SUPPLIED RECORDS -
----------------

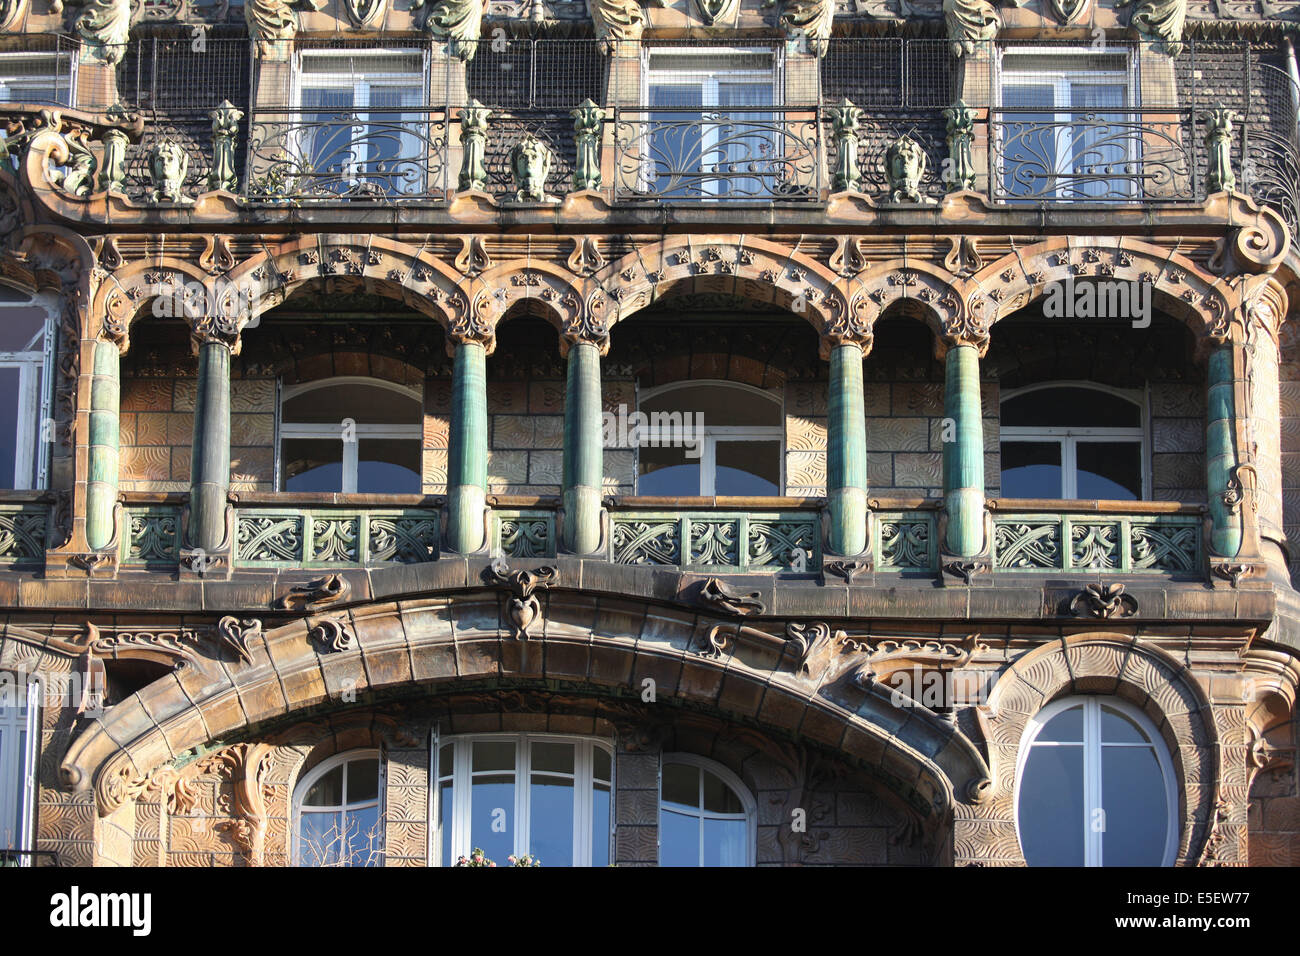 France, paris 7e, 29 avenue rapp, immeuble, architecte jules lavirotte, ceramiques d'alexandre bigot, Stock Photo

----------------

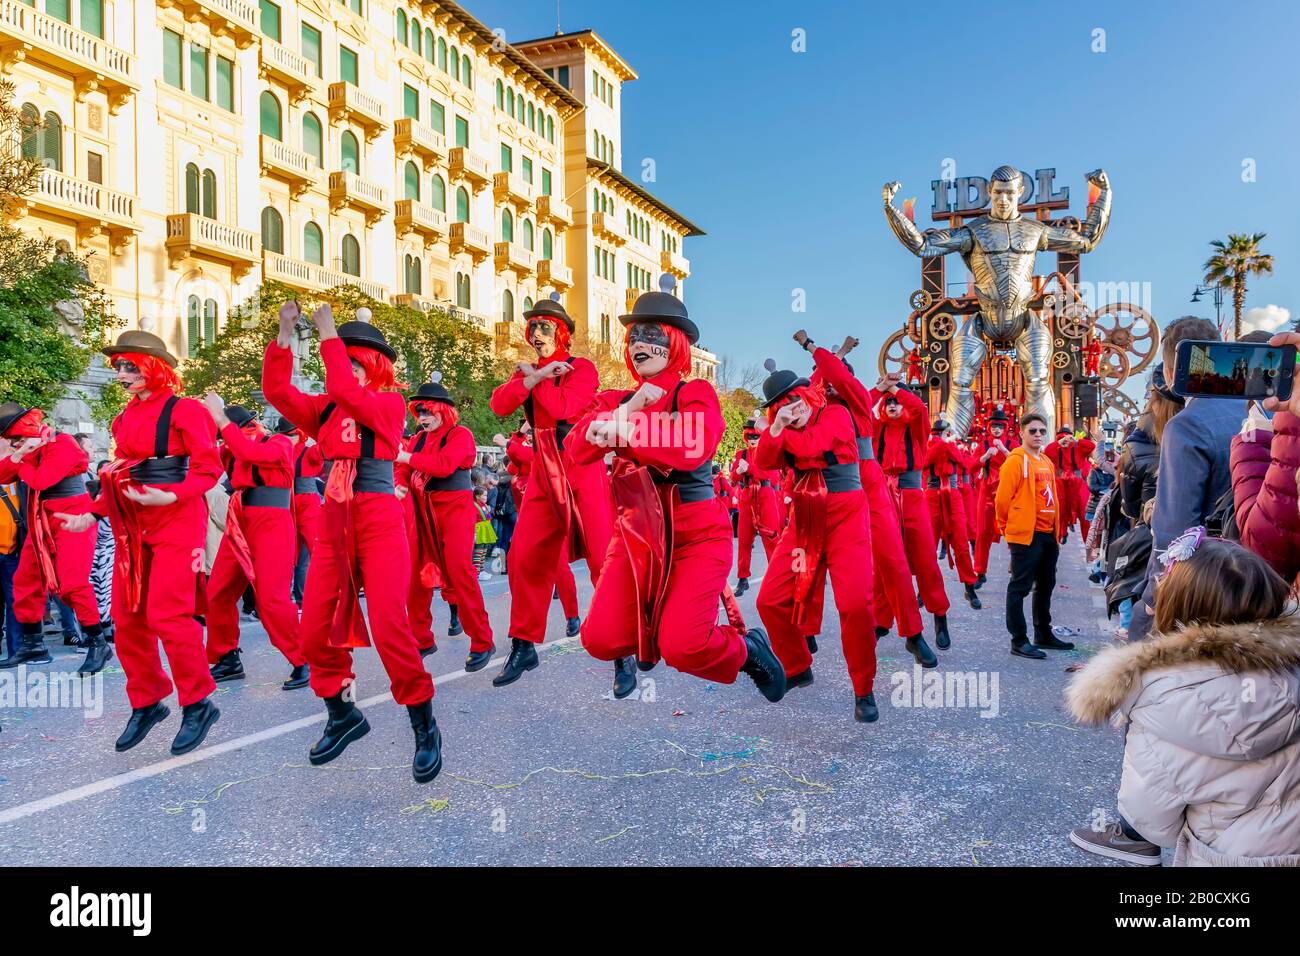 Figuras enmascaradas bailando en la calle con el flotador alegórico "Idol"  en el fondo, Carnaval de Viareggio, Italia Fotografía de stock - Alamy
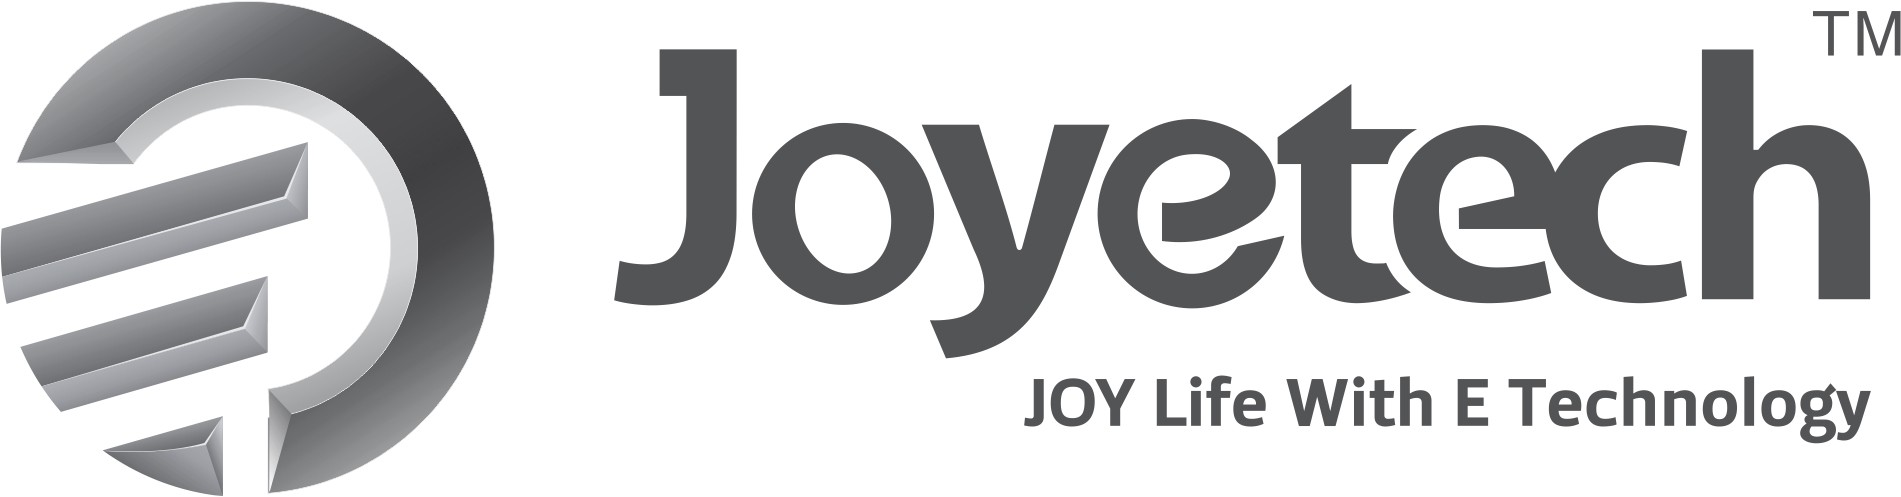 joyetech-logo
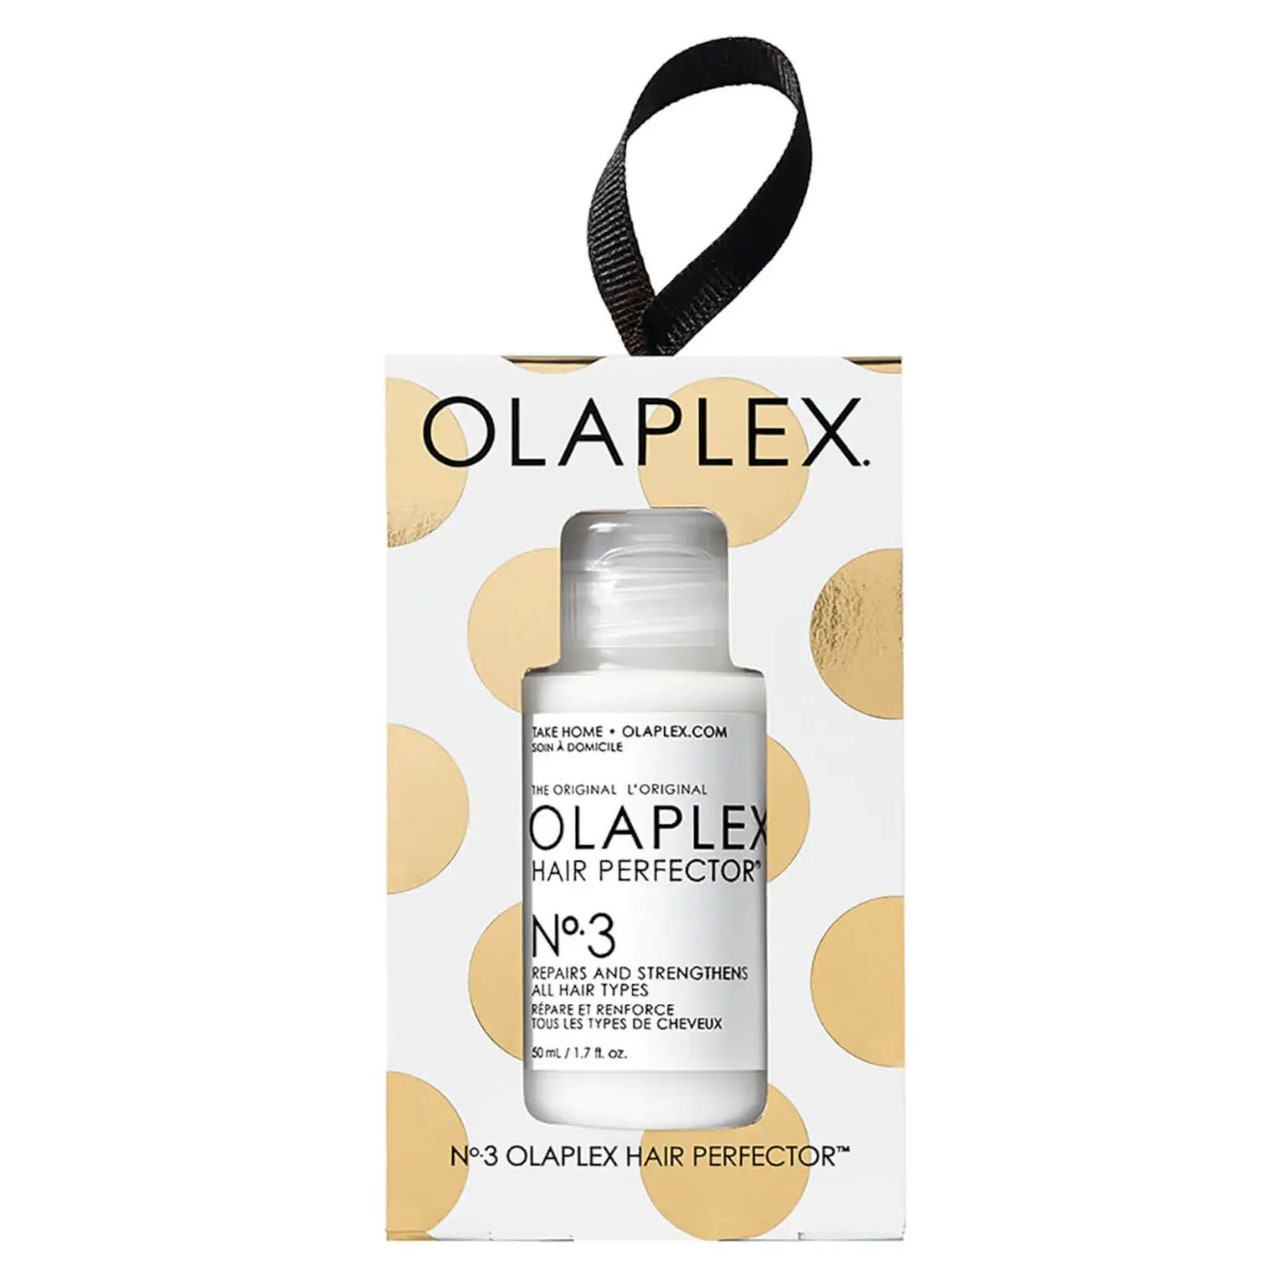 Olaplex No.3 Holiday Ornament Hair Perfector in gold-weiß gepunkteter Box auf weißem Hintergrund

----------------

WHAT TO PRODUCE - Using the records above, return word for word the lines that begin at the one containing "Figuras enmascaradas bailando" and end at the one containing "Olaplex No.3 Holiday", both of them included and no pictures.

PROBLEM SOLUTION -
 Figuras enmascaradas bailando en la calle con el flotador alegórico "Idol"  en el fondo, Carnaval de Viareggio, Italia Fotografía de stock - Alamy
 joyetech-logo
 Olaplex No.3 Holiday Ornament Hair Perfector in gold-weiß gepunkteter Box auf weißem Hintergrund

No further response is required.